Gangni Upazila mauza geocode map

Gangni (গাংনী) is an upazila of Meherpur District in Khulna Division, Bangladesh.

== Geography ==
It has 77,580 households and total area 341.98 km^{2}.

Main rivers are Bhairab, Kazla. Dharla and Ilangi Beels are notable. Gangni (town) consists of 5 mouzas. It has a population of 19126; male 51.48% and female 48.95%. Literacy rate among the town people is 28.8%. Administration Gangni thana, now an upazila, was established in 1923. It consists of 9 union parishads, 100 mouzas, 136 village, 5 border outpost.

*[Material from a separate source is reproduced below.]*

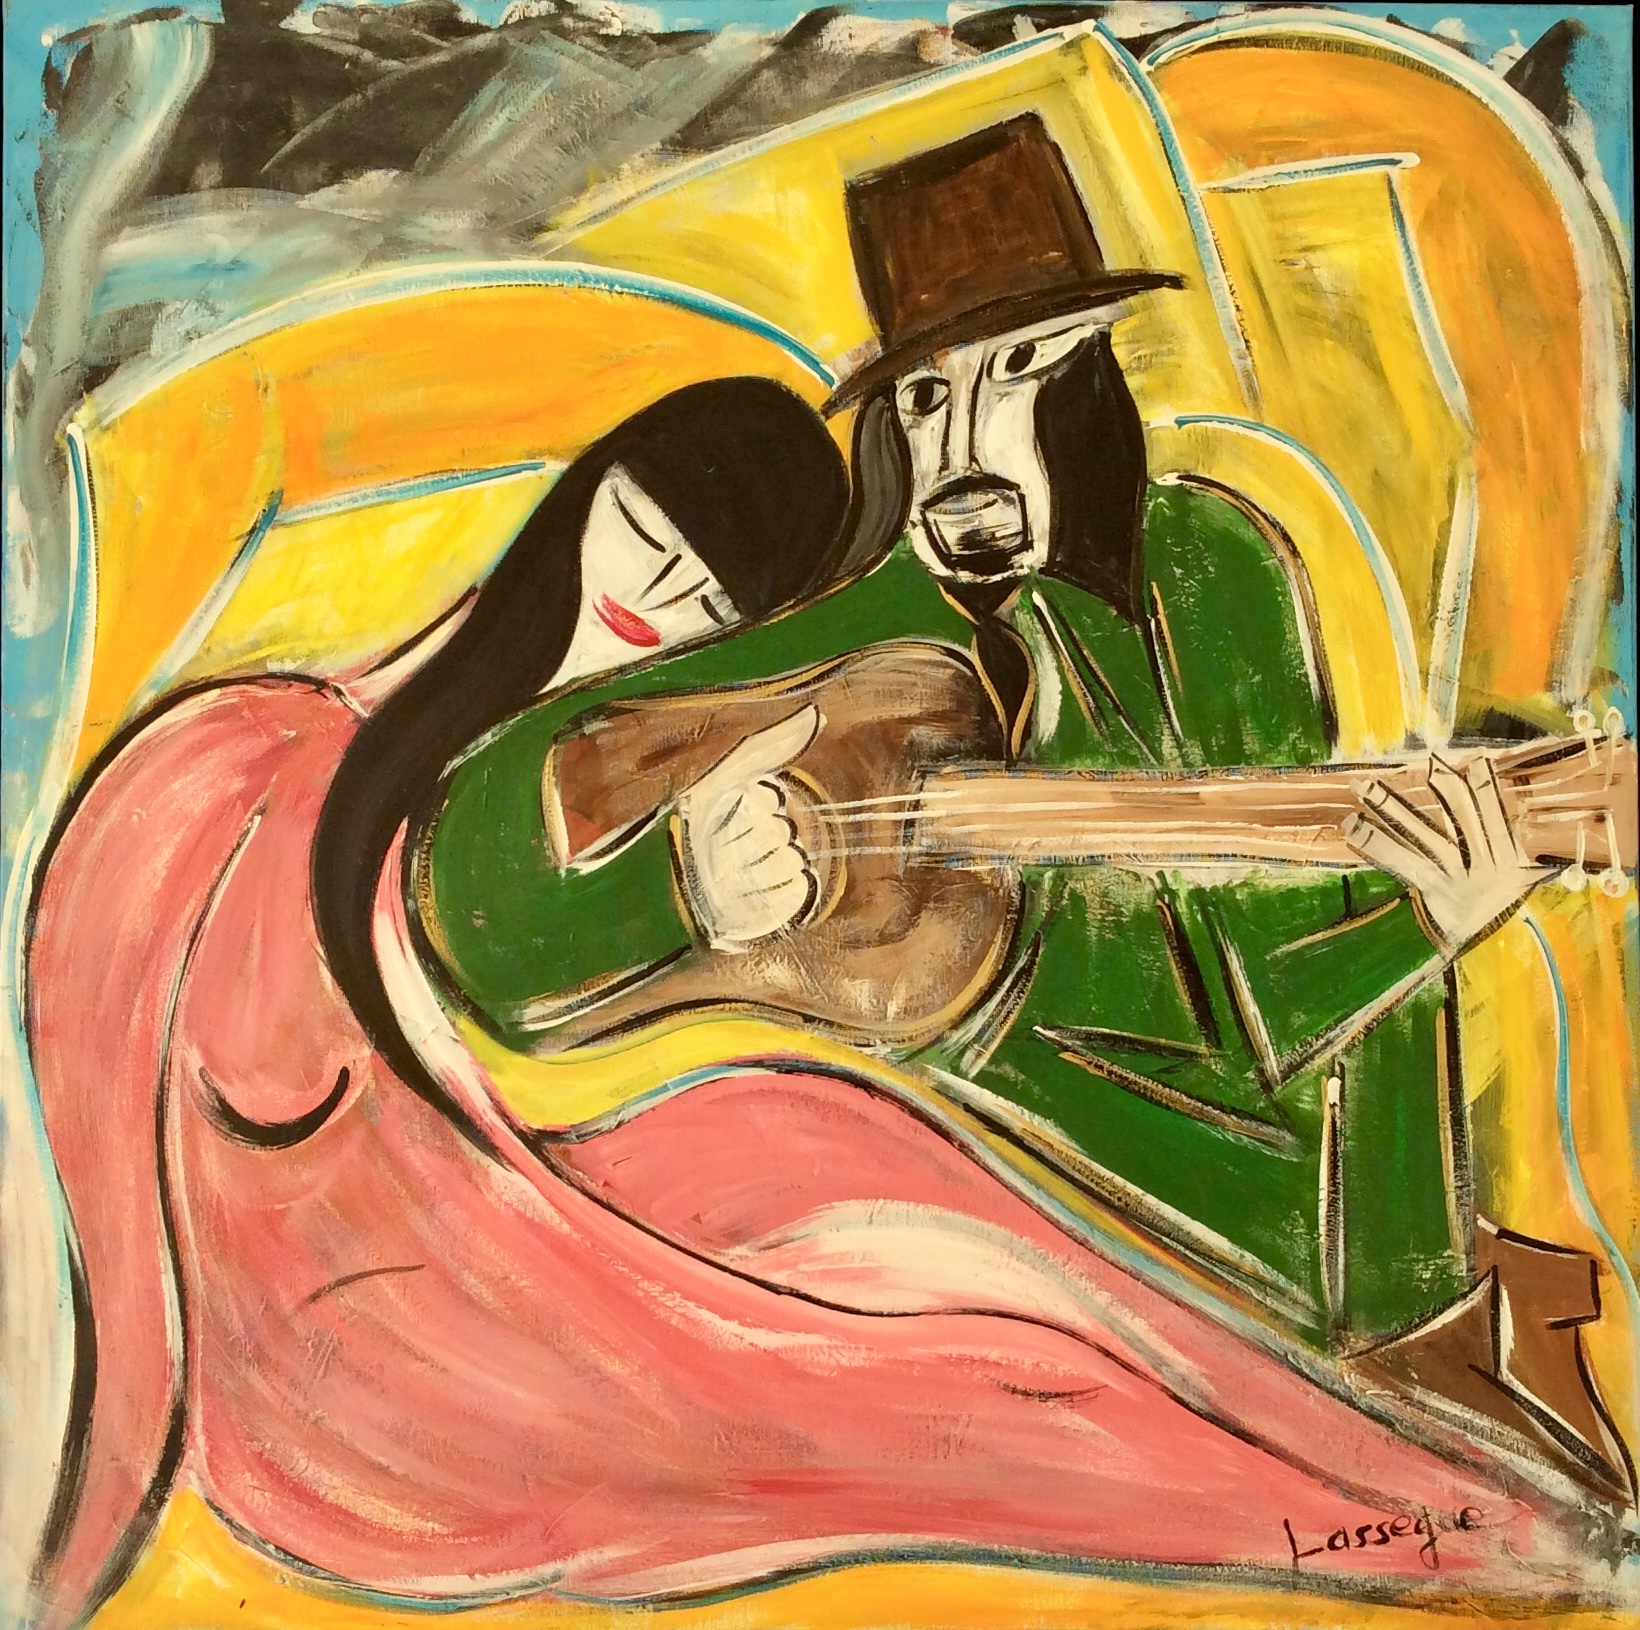 Manitas and His Gypsy Woman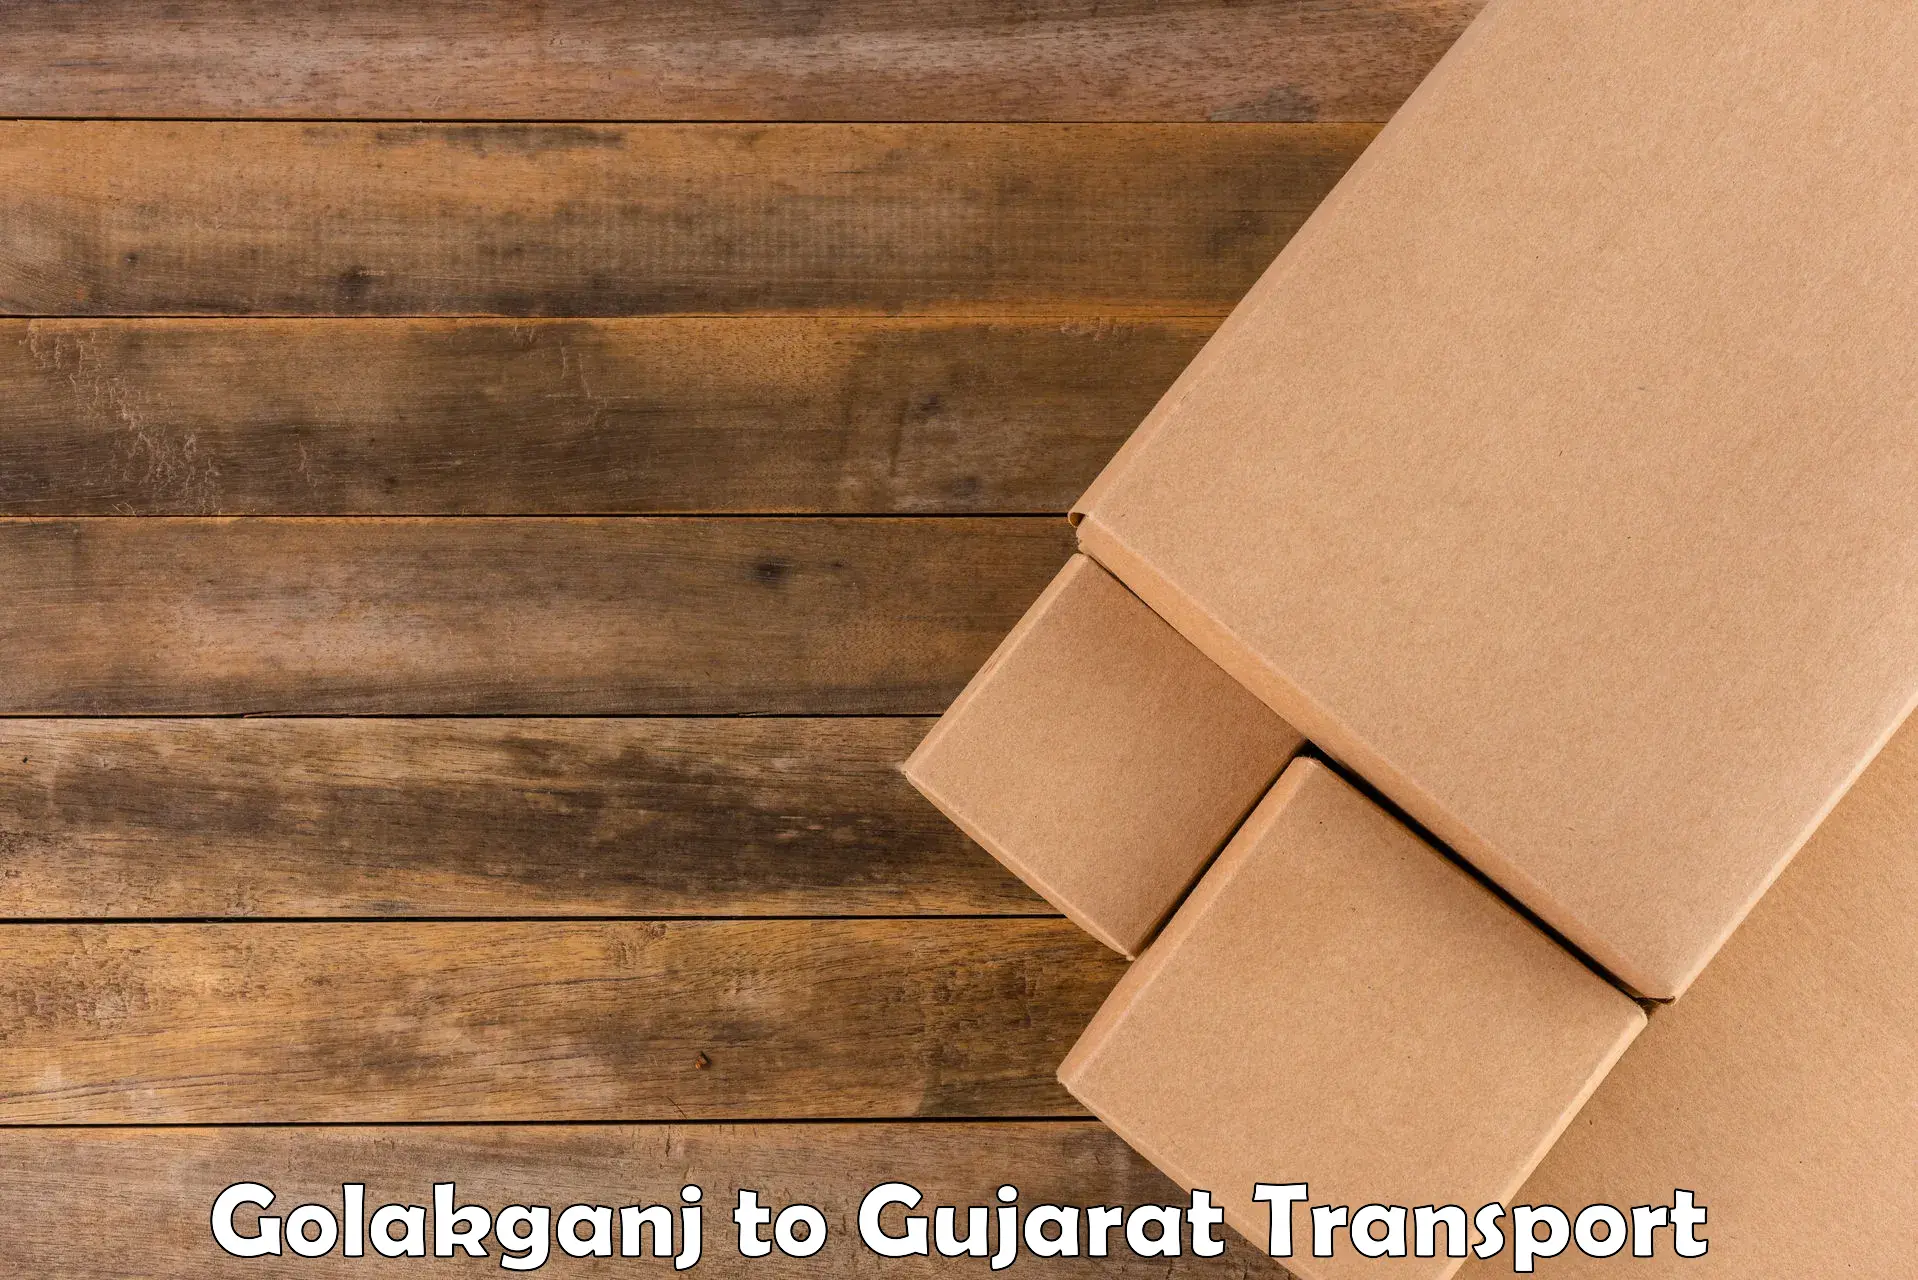 Pick up transport service Golakganj to Dediapada

Gangni Upazila is bounded by Daulatpur Upazila in Kushtia District, on the north, Daulatpur, Mirpur Upazilas in Kushtia District, and Alamdanga Upazila in Chuadanga District on the east, Alamdanga Upazila in Chuadanga District and Meherpur Sadar Upazila on the south and Karimpur II and Tehatta I CD Blocks, in Nadia District, West Bengal, India, on the west.

== Demographics ==

According to the 2022 Bangladeshi census, Gangni Upazila had 92,768 households and a population of 322,701. 7.72% of the population were under 5 years of age. Gangni had a literacy rate (age 7 and over) of 65.46%: 66.02% for males and 64.95% for females, and a sex ratio of 91.84 males for every 100 females. 65,820 (20.40%) lived in urban areas.

== Arts and culture ==
Public library 4, rural club 10, playground 20. Main occupations Agriculture 38.19%, agricultural labourer 33.75%, wage labourer 4.43%, commerce 12.48%, construction 1%, service 2.7%, others 7.45%.Land use Cultivable land 26.545 hectare; fallow land 38 hectare; single crop 13.4%, double crop 67.5%, triple crop 19.2%; land under irrigation 54%.Land control Among the peasants, 14.29% are rich, 50.79% intermediate and 34.92% small; cultivable land per head 0.15 hectare.,

Football is a popular sports for the people in the upazila, young generation is attracted by the cricket. Men wear Lungi whether women prefer Sari.

== Points of interest ==

- Shaharbati Neelkuthi (1859)
- Gosaidubi Mosque at Karamdi
- Marks of War of Liberation: Mass grave 2 (Kazipur and Tepukhali playground)
- There is a hundred of ponds at the village Sholotaka where fish is cultivated commercially

==Administration==
Gangni Upazila is divided into Gangni Municipality and nine union parishads: Bamondi, Dhankolla, Kathuli, Kazipur, Motmura, Raipur, Shaharbati, Sholotaka, and Tentulbaria. The union parishads are subdivided into 90 mauzas and 137 villages.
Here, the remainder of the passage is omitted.